The Rejecter denies the existence of the slushpile blacklist, and describes the type of authors that really annoy the crap out of agents. She also points out that agents usually pass on literary fiction, mostly because no-one buys it unless the author is already successful.
Denis McGrath continues his rant on fan fiction from the previous week, and hits on the crux of the issue: "A good writer writing fanfic is a tragic waste [of talent]." Fanfic writers should have this engraved into their monitors, tattooed onto their wrists, or chiselled into their gravestones.
McGrath goes on to discuss the dark side of fanfic, the accusations of plagiarism, where a writer who has ripped off someone else's idea then accuses them (or a staff writer) of ripping off their idea.

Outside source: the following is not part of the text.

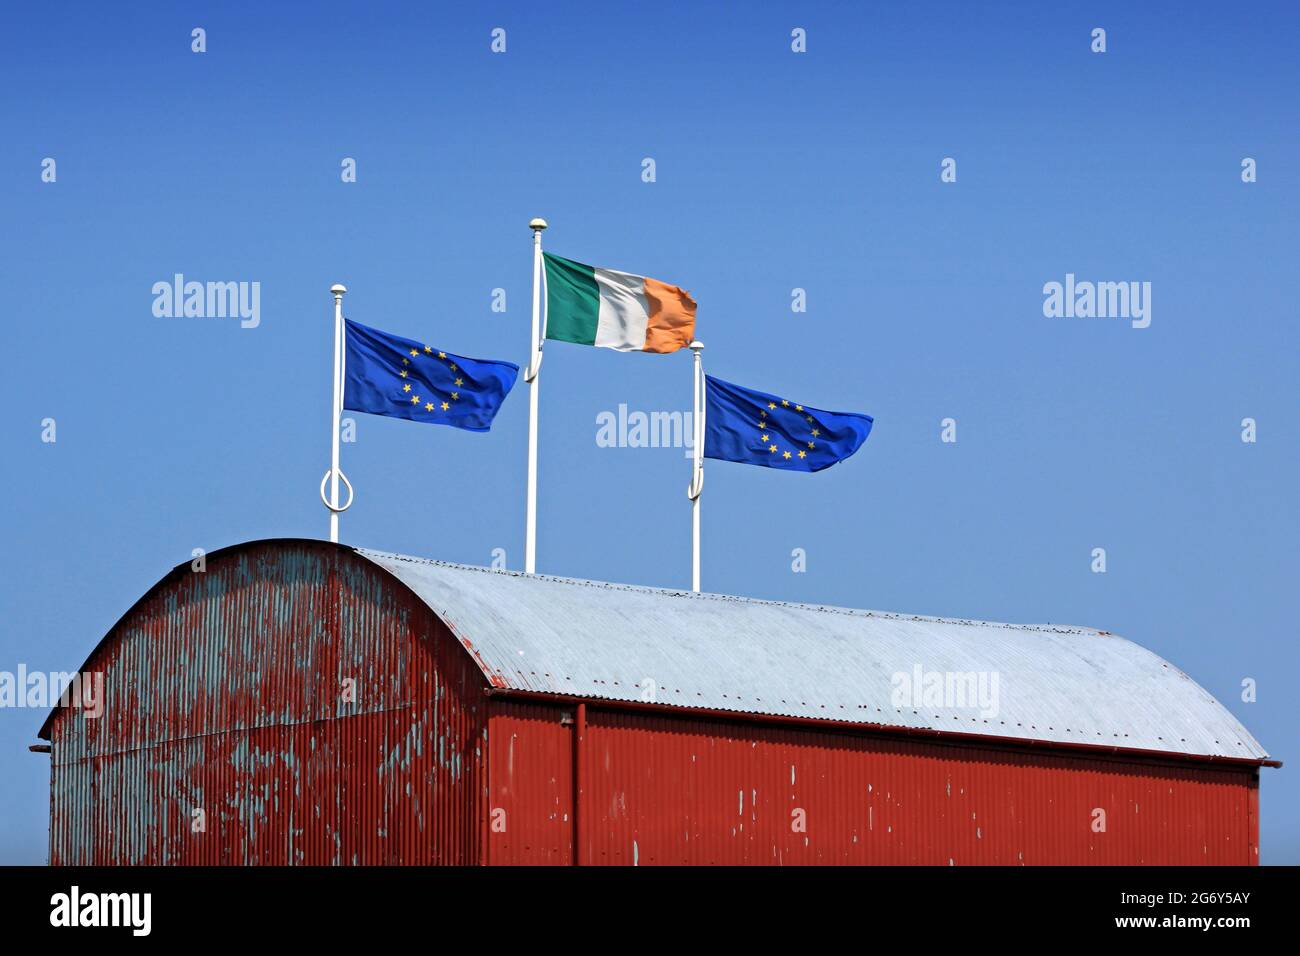 A red barn with European and an Irish flag, a metaphor on Euro and Irish farm issues. Stock Photo

He later explains that ideas are in the air, for anyone to breathe in then sneeze out onto paper.
For those of you with a scholarly bent, Rosewater Chronicles ponders the central question of modern philosophy: Why are bad writers attracted to complex theory?
BookEnds literary agency announces that they hate paper, especially if you've ruined it by writing something on it. They also remind you that "book publishing is a completely subjective business," so you better be writing about a subject. Bookends, while we have your attention, Do people follow submission guidelines? The fsck they do.
Nathan Bransford enumerates the two sides of the he said / she asserted debate. He's writing from Camp Said, a base near the border with the terrorist state of Fanfic, where agents wage a war of atrishun against the members of the BadGrammarian cult. He also wishes he could patent himself.
Mike Toot suggests a solution to the moral problem of sending astronauts on a one-way mission to Mars: send bad writers instead.
Agent Kristin reveals (part of) the secret language of agents. (Hint: "No" translates as: "No".) (Part 2.)
Victoria Strauss of Writer Beware tries (successfully) to draw the attention of 50% of bad writers with her talk of The Insidious Double D's.
I'm not sure, but I think screenwriter turned novelist Robert Gregory Browne is admitting that he ripped off a plot from Tess Gerritsen.
Simon Haynes, who has published three humourous SF novels @ roughly 80,000 words each, has amassed 700,000 words of edited material "for future use". Must have one of those limited edition keyboards without a Delete key.
Advice from Micah Robinson at CHUD: "Here’s a super secret tip for getting your work sold: Stop writing screenplays and start freelancing for fancy mags." [Emphasis added]
Henry Alford of the NYT discovered that the publishing industry actually does edit, especially when it comes to quoting reviews. Publishing industry response: "We'll quote the entire review when the reviewer reads the entire fsckin' book." (Via Nathan Bransford.)
Inspirational Quotatery:
From Lee Wood at Smart People Write (via Kenneth Davis), the truest sentence you will read this year. Really, if you read just one sentence this year, make it this one:
Bad writing makes smart people look dumb.
Writer Tom deFalco, quoted on Comics Should Be Good:
Most beginning writers believe you need one great idea to tell a story. One good idea will barely get you through the first page. To write a story, you need hundreds of ideas, and if you don’t realize that, you shouldn’t be writing.
Quotes Taken Out of Context:
- French screenwriter/director Francis Veber: "I have very bad writing."
- J.A. Konrath: "You're [...] a poor judge of your own work."
- Hugh Hewitt of Townhall.com: "If I was Garrison Keillor, I'd stop writing."
- B. Elwin Sherman of American Chronicle: "Dave Barry would quit writing again."
- Novelist and comic book author Jamie S. Rich reviewing Spiderman 3: "All I ever see is bad writing." (Actually, that one's in context.)
Stop Writing if You Need This Advice award nominees:
- Nathan Bransford says don't cold-call an agent. Filed under the general heading Don't Be an Asshole.
- The Rejecter reminds you that US postage rates have increased. Just my 2c.
- Agent Kristin says if you get bored with your story and want to take it in a new direction, start a new story.
- Lit Agent X points out that there is a limit to the effectiveness of time spent polishing a turd. (Miss Snark adds that everyone has a few turds in the bowl.)